World and Settings

World

class sfctools.core.world.World(*args, **kwargs)

Bases: sfctools.core.singleton.Singleton

This is the world where agents live in. There can only be one world at a time.

The world constructor.

find_agent(name)

search for agent by name and alias

Returns

agent instance

get_agent_types()

Constructs a list of all agent types registered so far (i.e. keys of agent registry dict).

Return list

list of agents

get_agents_of_type(agent_type)

gets all agents belonging to a certain tpe

Parameters

agent_type – key to search for in self.agent_registry

Returns

list of instances or empty list

Example

from sfctools import Agent,World

class MyAgent(Agent):
    def __init__(self):
        super().init()
        # ...

[MyAgent() for i in range(10)] # create 10 agents

mylist = World().get_agents_of_type("MyAgent")
print(mylist)

Calls the ‘link’ fun in all the agents to inter-link them in the world

read_global(key)

reads global variable by key

register_agent(agent, verbose=False)

inserts a new agent under the tag of its class

Parameters

agent – an agent object to be registered

register_helper(object)

inserts a new helper object under the tag of its class

Parameters

object – instance to store

remove_agent(agent, verbose=False)

removes an agent from the tag of its class (i.e. from the world)

Parameters

agent – instance to be removed

remove_helper(agent)

removes an agent from the tag of its class (i.e. from the world)

Parameters

agent – instance to be removed

reset(verbose=False)

resets the registry

Parameters

verbose – boolean (default False), triggers a reset warning if True

write_global(key, data)

write globally accessible data here

Parameters
  • key – key for the data (generic)

  • data – value of the data (generic)

Settings (yaml)

class sfctools.core.settings.Settings(*args, **kwargs)

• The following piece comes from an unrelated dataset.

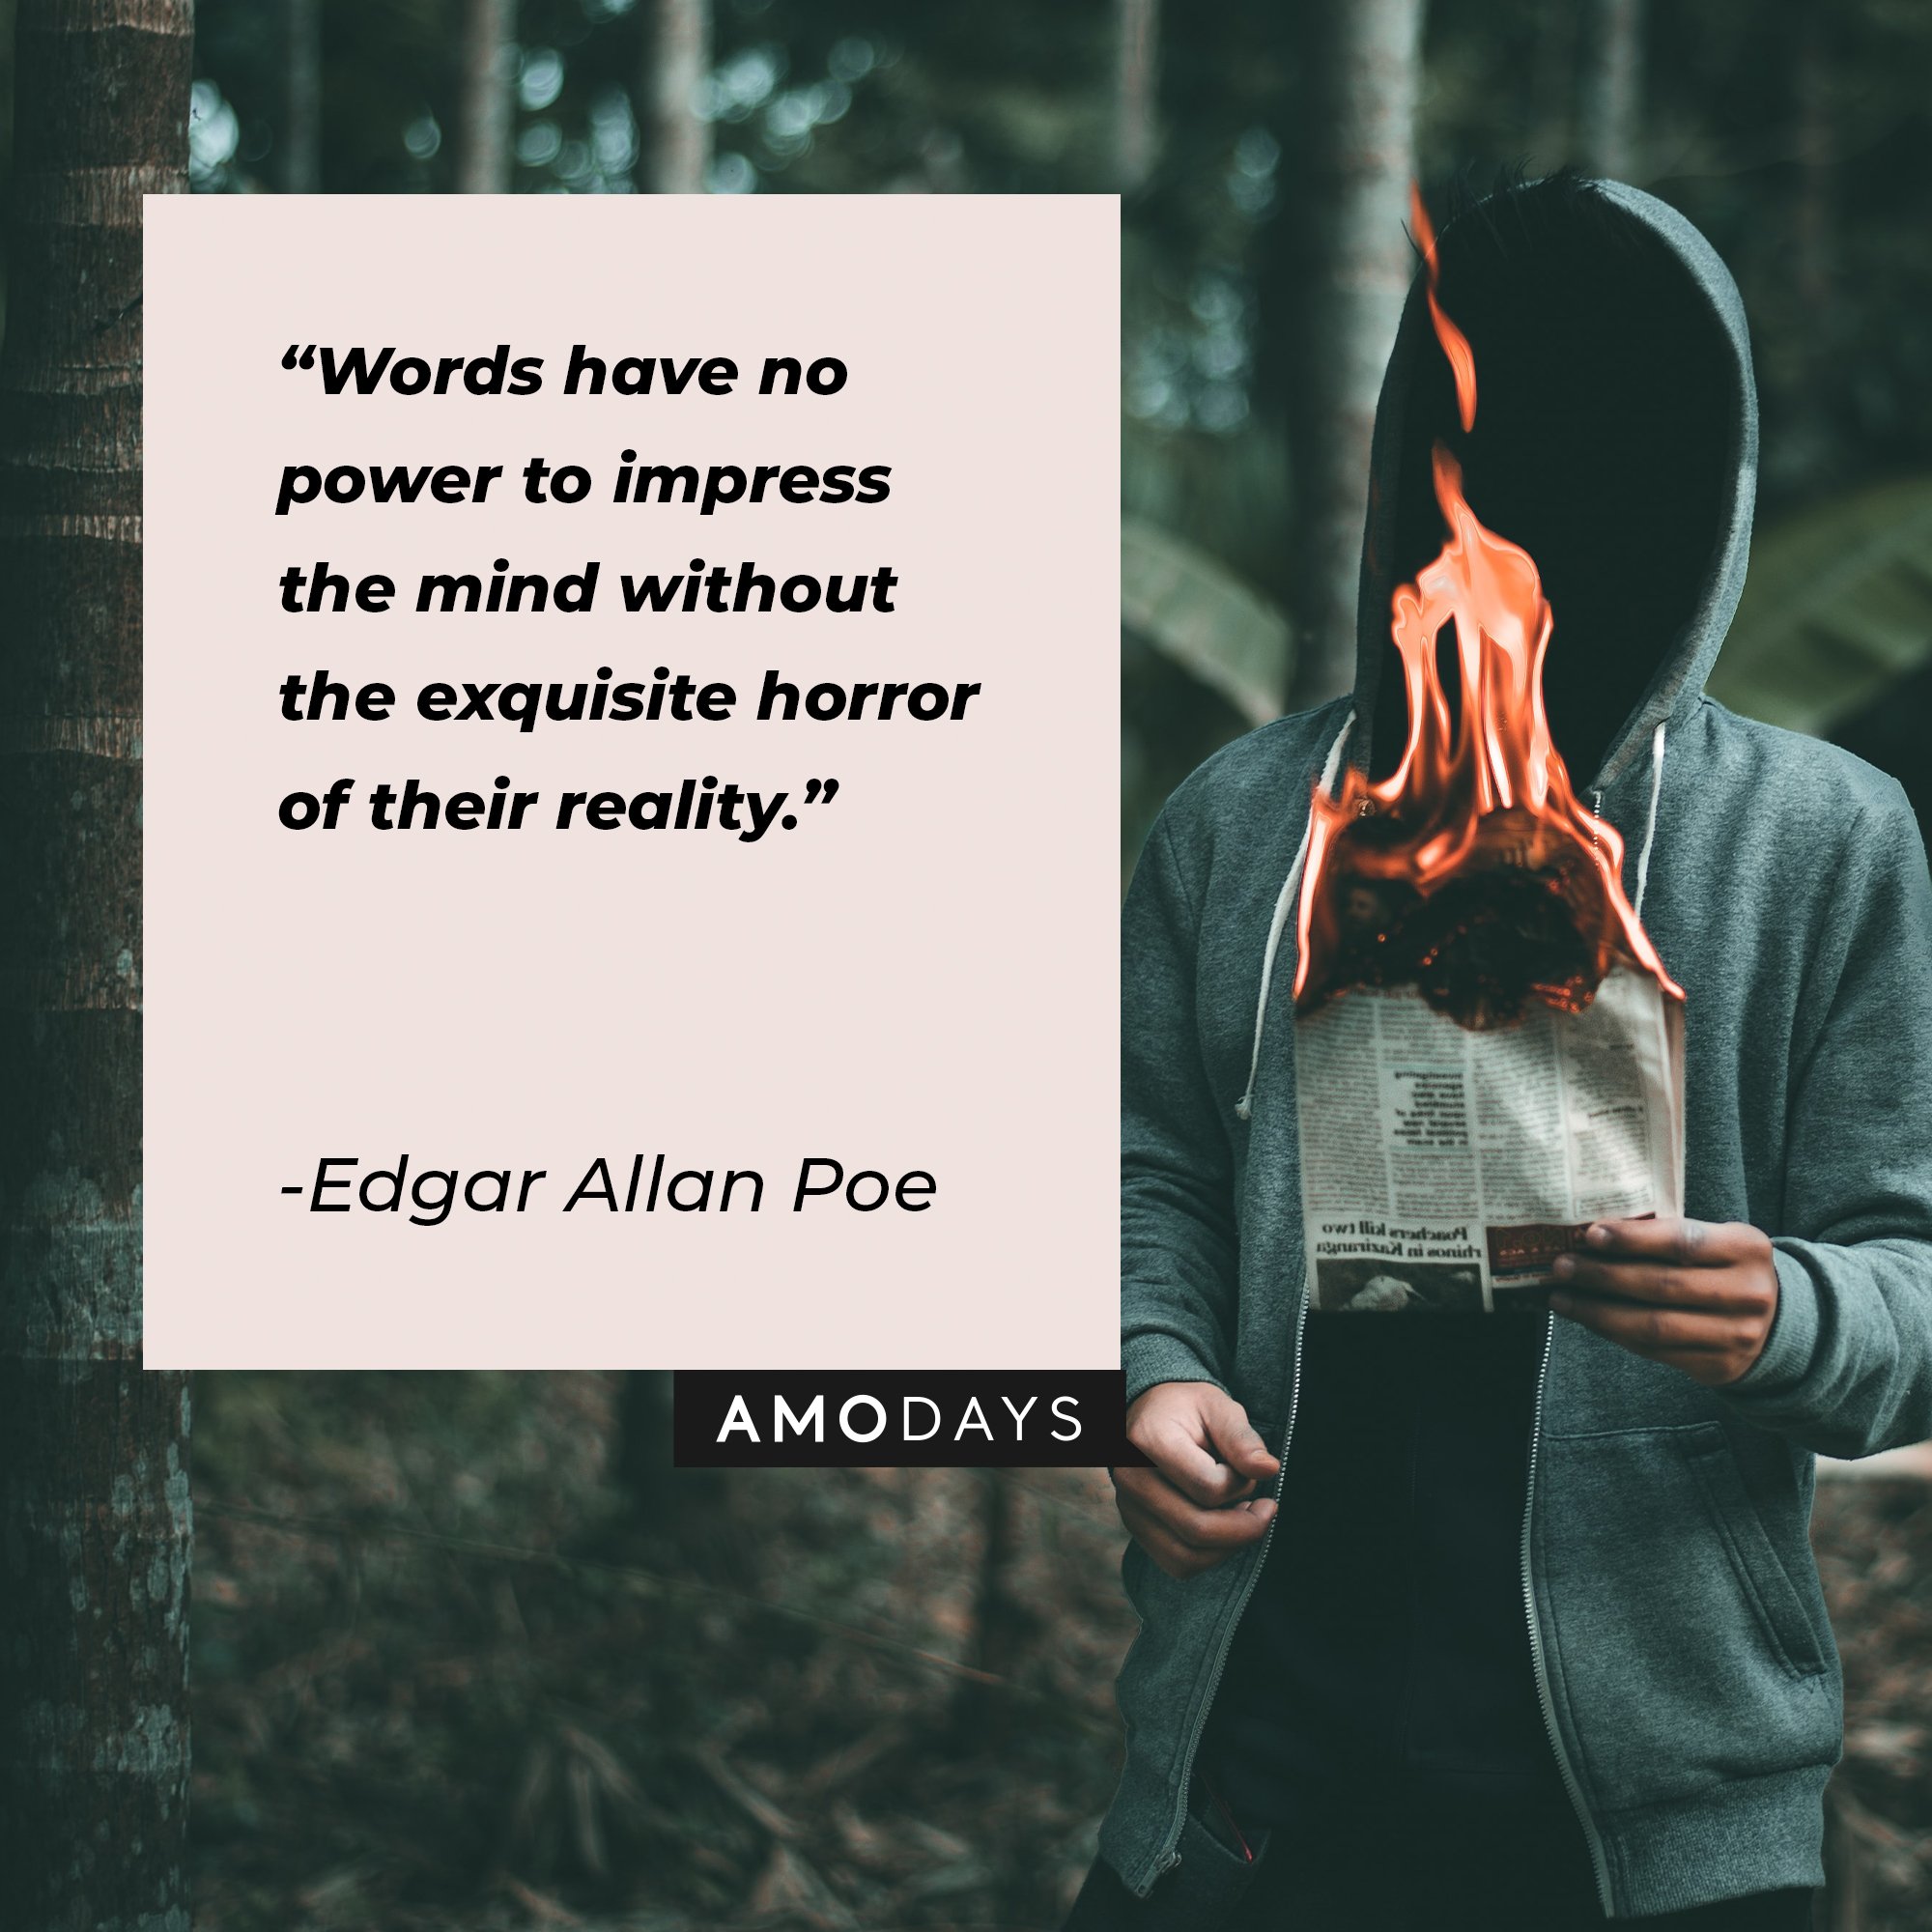 Edgar Allan Poe’s quote: "Words have no power to impress the mind without the exquisite horror of their reality." | Image: AmoDays

Bases: sfctools.core.singleton.Singleton

This is a settings class that serves as a central data structure to store hyperparameters, commodity names, depreciation rates etc. It also includes a section with metadata on author etc…

constructor for settings

get_depr_info()

EXPERIMENTAL return info about assets and their depreciation rates

Returns

df, pandas dataframe with information about allowed assets

Example

from sfctools import Settings
dfinfo = Settings().get_info()
print(dfinfo)
get_hyperparameter(name)

get the value of a hyperparameter by its name.

Parameters

name – the name of the hyper-parameter to filter for

get_hyperparams_info()

return info about hyperparameters

Returns

df, pandas dataframe with information about allowed assets

Example

from sfctools import Settings
dfinfo = Settings().get_hyperparams_info()
print(dfinfo)
get_info()
read(data, isfile=True)

read the settings from a yaml file. The settings of a simulation can be stored in form of a yaml file. The first block metainfo stores the author, date and other meta data. The params block stores information on the assets allowed in balance sheets and their respective depreciation rates (0 means no depreciation, 1 means that the good is fully perishable). hyperparams contains parameters of agents stored centrally (for better overview). It also helps to avoid hardcoding of parameters directly in the code of the agents.

Parameters
  • data – either str, i.e. a string containing the data, or path/str, i.e. file name to read from

  • isfile – boolean switch. If False, a string has to be passed.

** Example **

“filename.yml” File:

metainfo :
    author: Hans Dampf
    date: Agust 1964
    info: some more info

params:
    - name: Cash
      depreciation: 0.0
      price: p
      value: 1.0
      unit: Euro
      description: my description

    - name: Energy
      ...

hyperparams:
    - name: epsilon
      value: 0.05
      description: my description

    - name:
      ...

Python code:

from sfctools import Settings
my_settings = Settings().read_from_yaml("filename.yml")
read_from_yaml(data, isfile=True)
reset()

reset settings

set_hyperparameter(name, value)

get the value of a hyperparameter by its name.

Parameters
  • name – str, name of the parameter

  • value – new value (any type but ideally same as before)

setup_stock_manager()

set up the stock manager from the data stored in the current settings. For more information on the stock manager, see StockManager class. This should not be called manually by the user. It is automatically called within ‘read_from_yaml()’.

write(fname)

Writes the settings to a filename as yaml file

Clock

class sfctools.core.clock.Clock(*args, **kwargs)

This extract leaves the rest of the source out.